ASSIGNMENT :: Output the listing word for word, minus pictures.

DATA SECTION ::
============

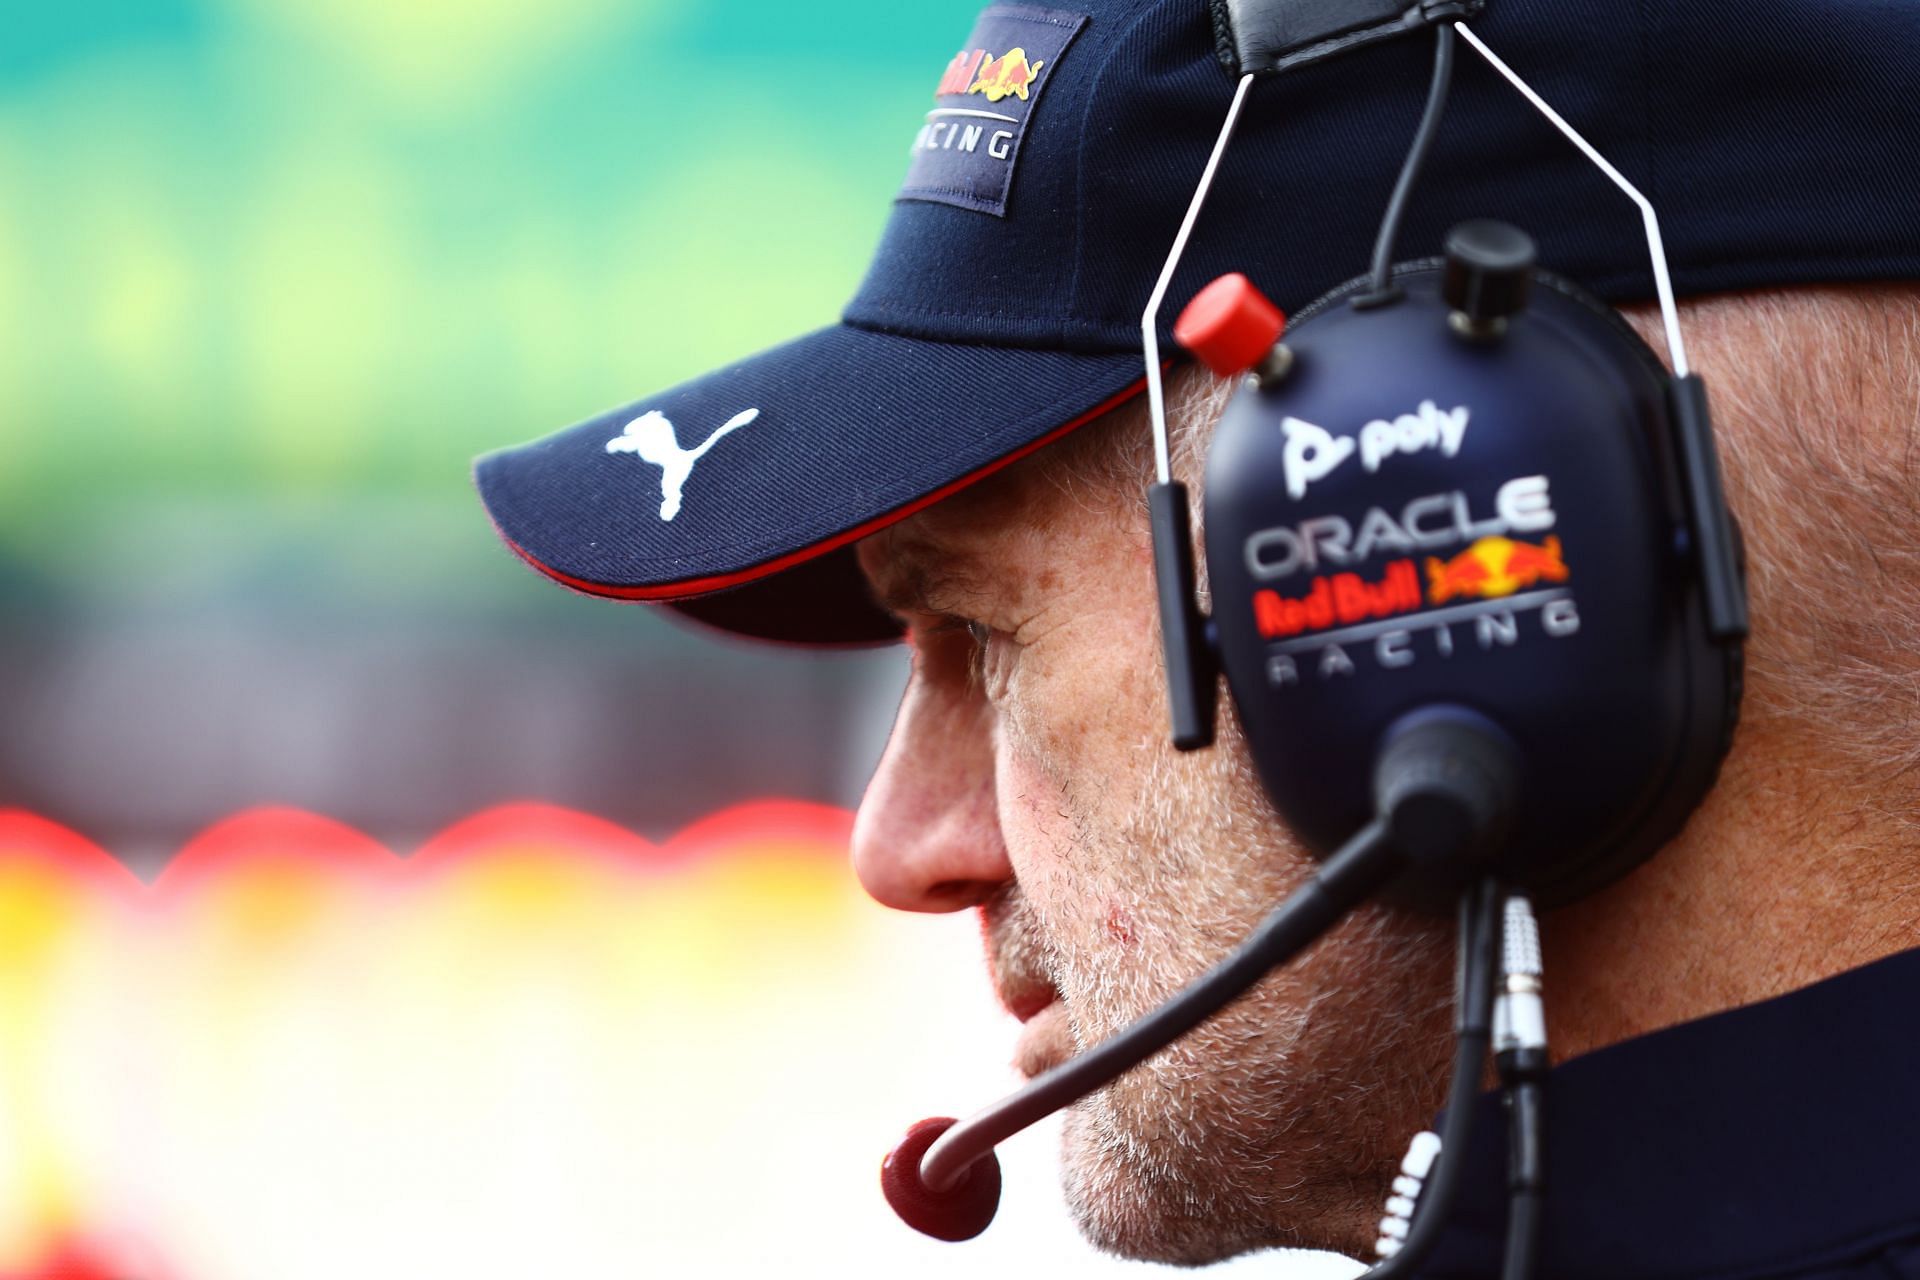 Adrian Newey, the Chief Technical Officer of Red Bull Racing, looks on during Sprint ahead of the F1 Grand Prix of Emilia Romagna (Photo by Mark Thompson/Getty Images)
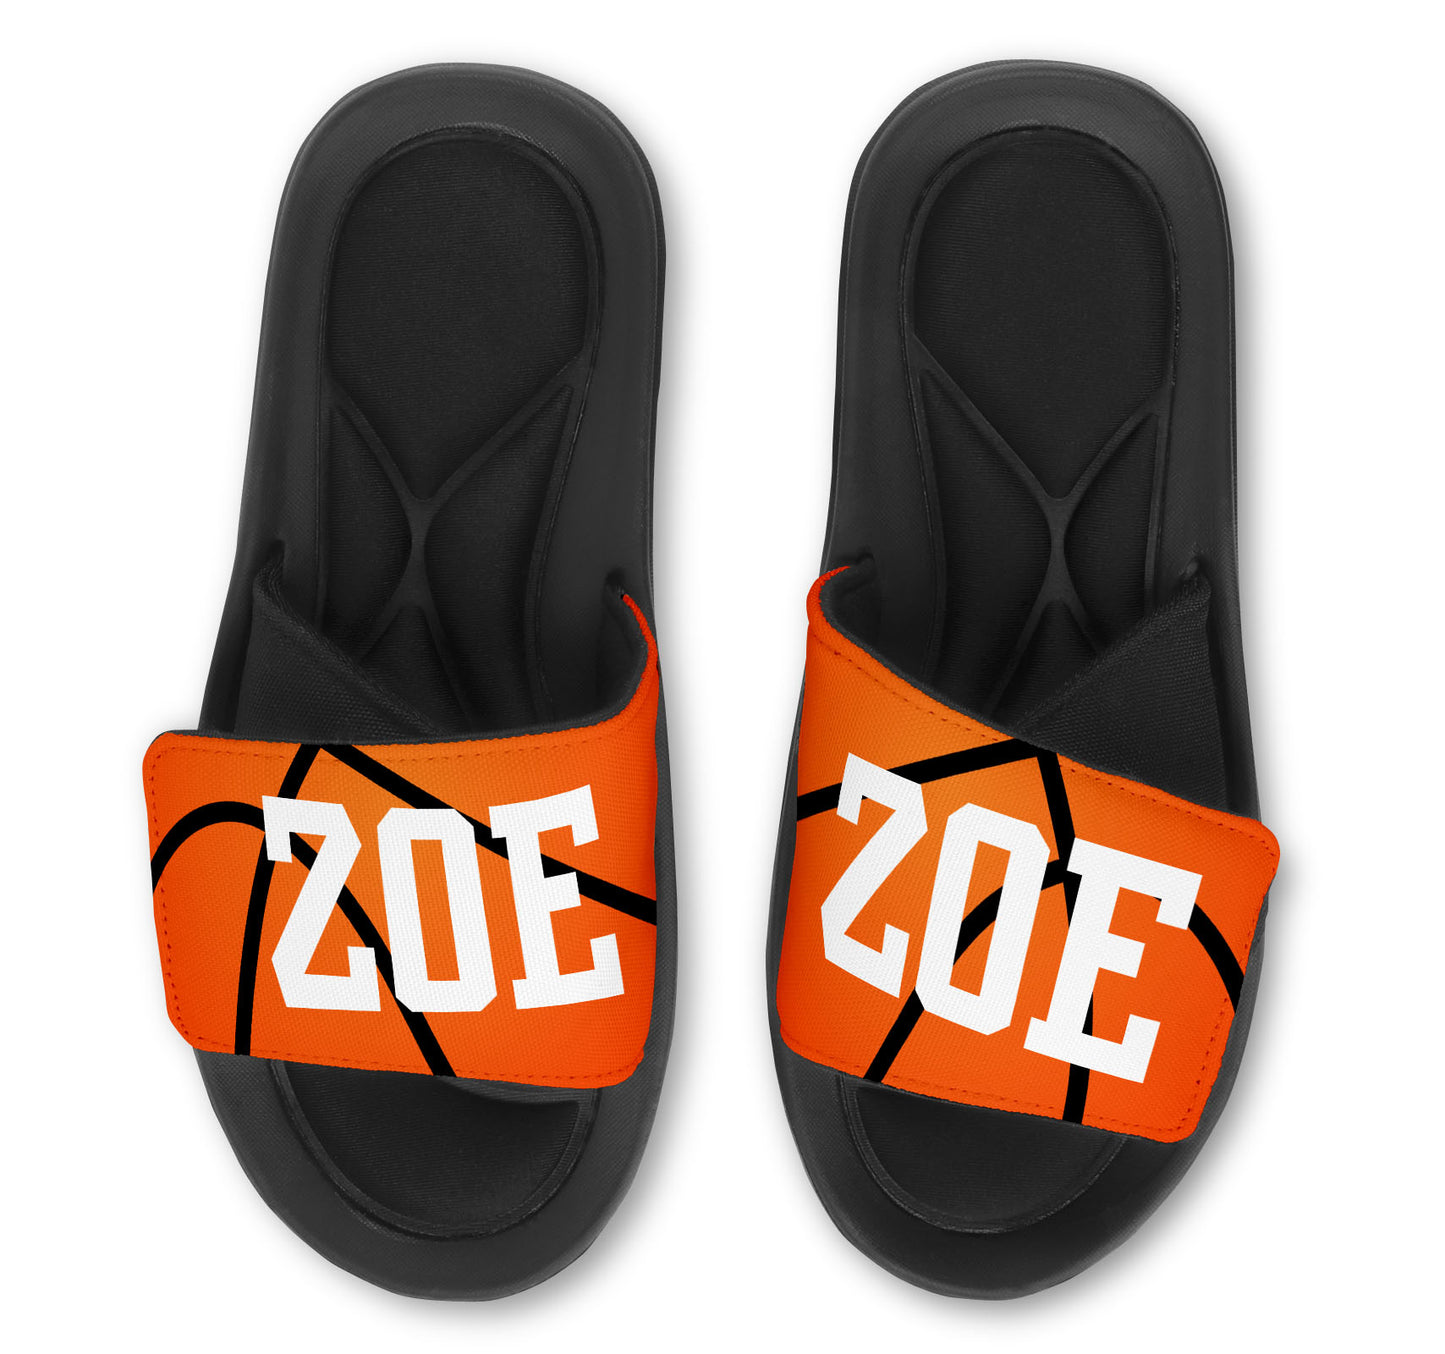 BASKETBALL Slides (Faux Basketball) - Customize with Your Name and/or Number
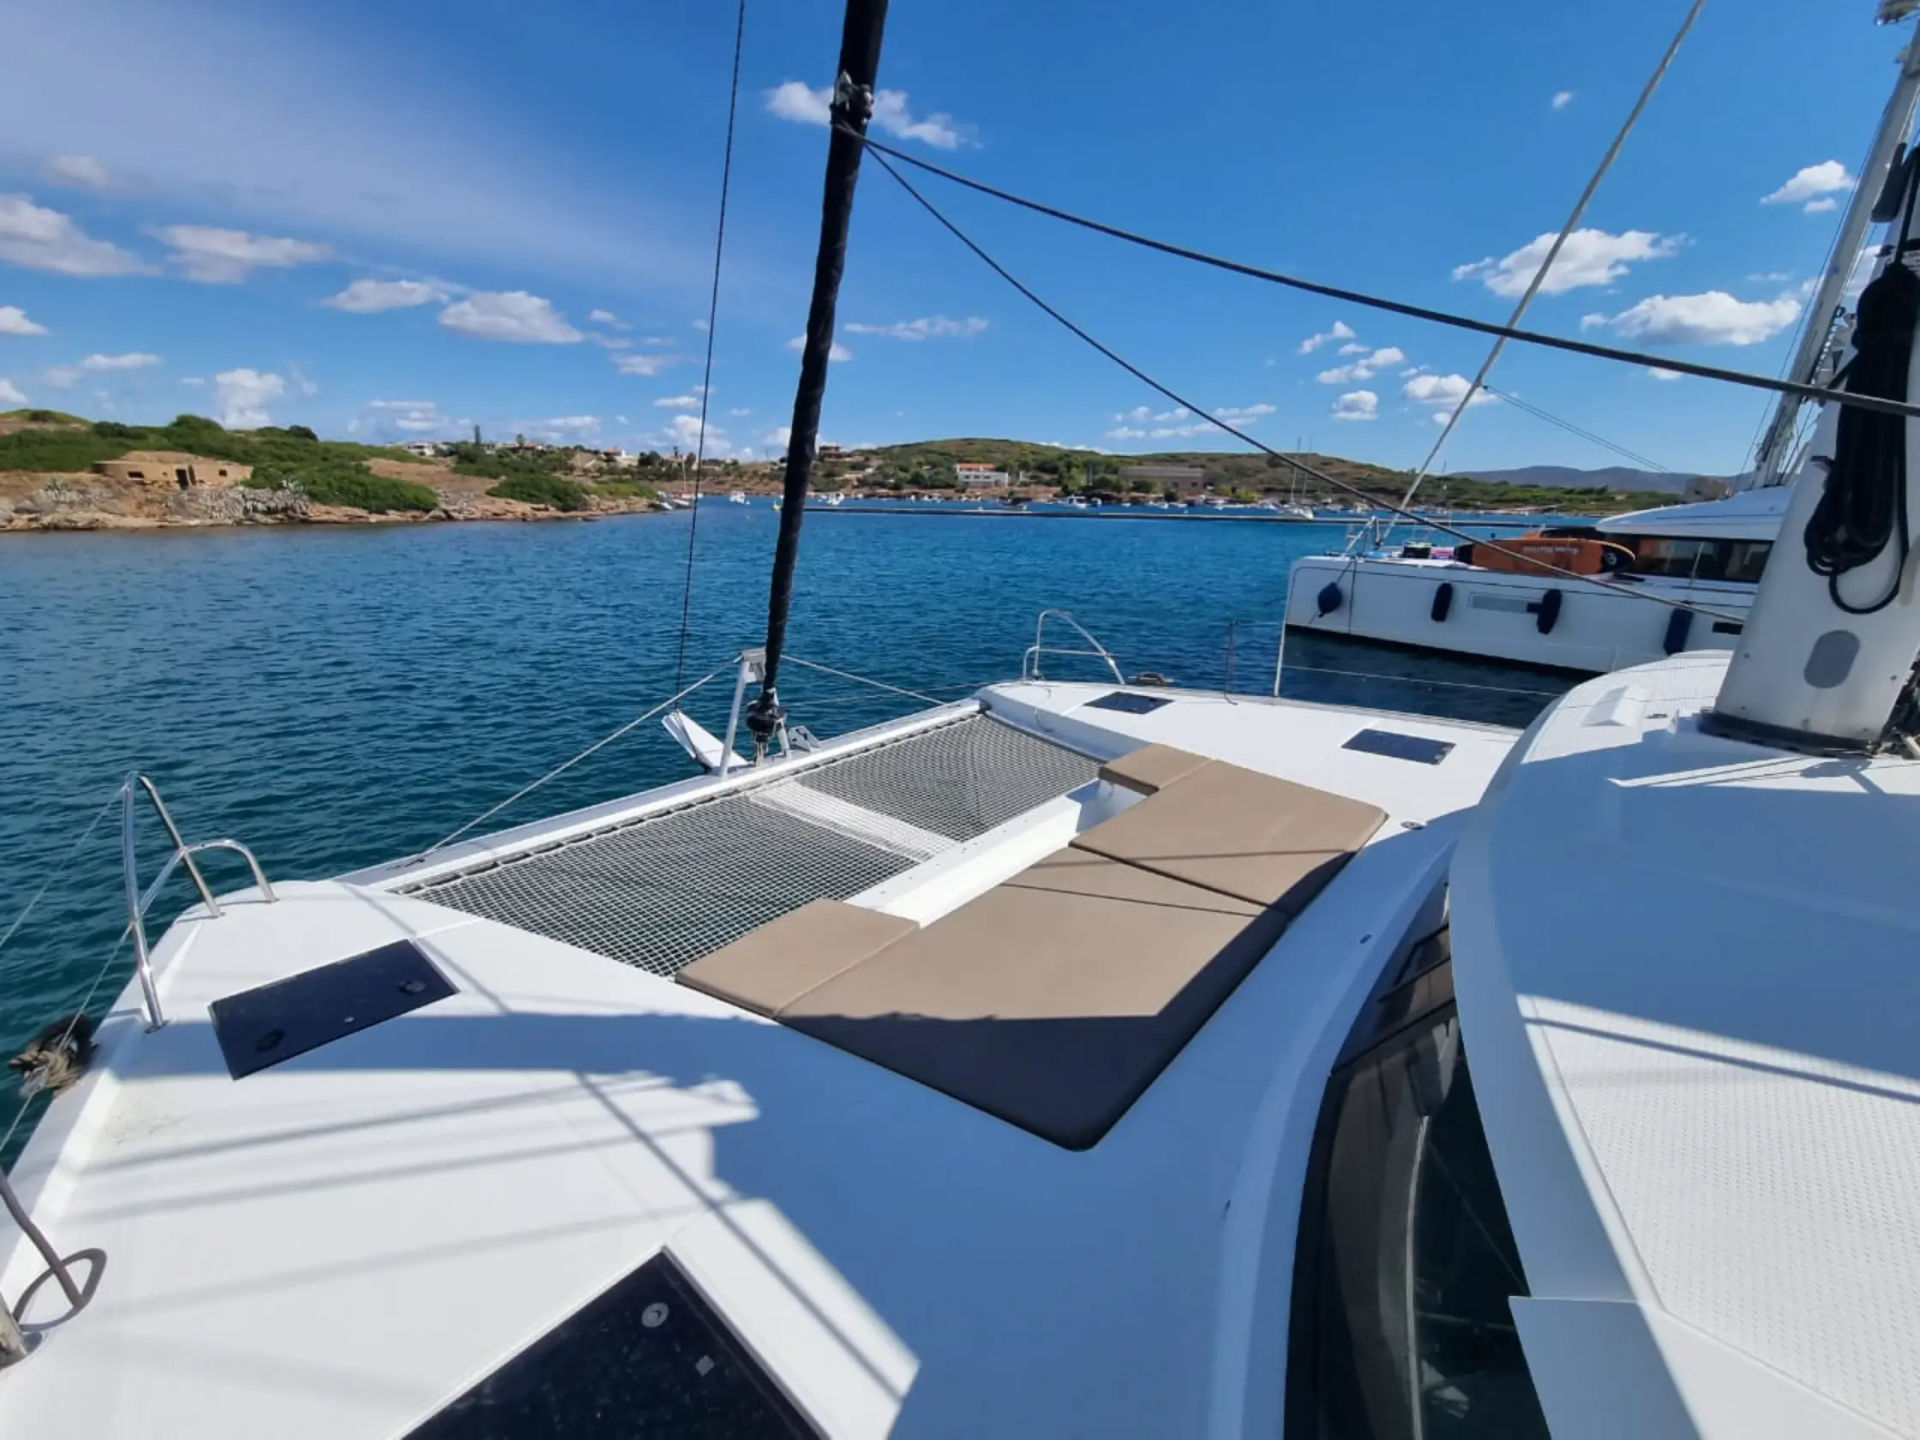 Fountaine Pajot 42 Catamaran Half-Day Cruise - Athenian Riviera Sailing Experience Golden Yachting and Sailing

============

OUTPUT OF THE EXERCISE ::
 Adrian Newey, the Chief Technical Officer of Red Bull Racing, looks on during Sprint ahead of the F1 Grand Prix of Emilia Romagna (Photo by Mark Thompson/Getty Images)
 BASKETBALL Slides (Faux Basketball) - Customize with Your Name and/or Number
 Fountaine Pajot 42 Catamaran Half-Day Cruise - Athenian Riviera Sailing Experience Golden Yachting and Sailing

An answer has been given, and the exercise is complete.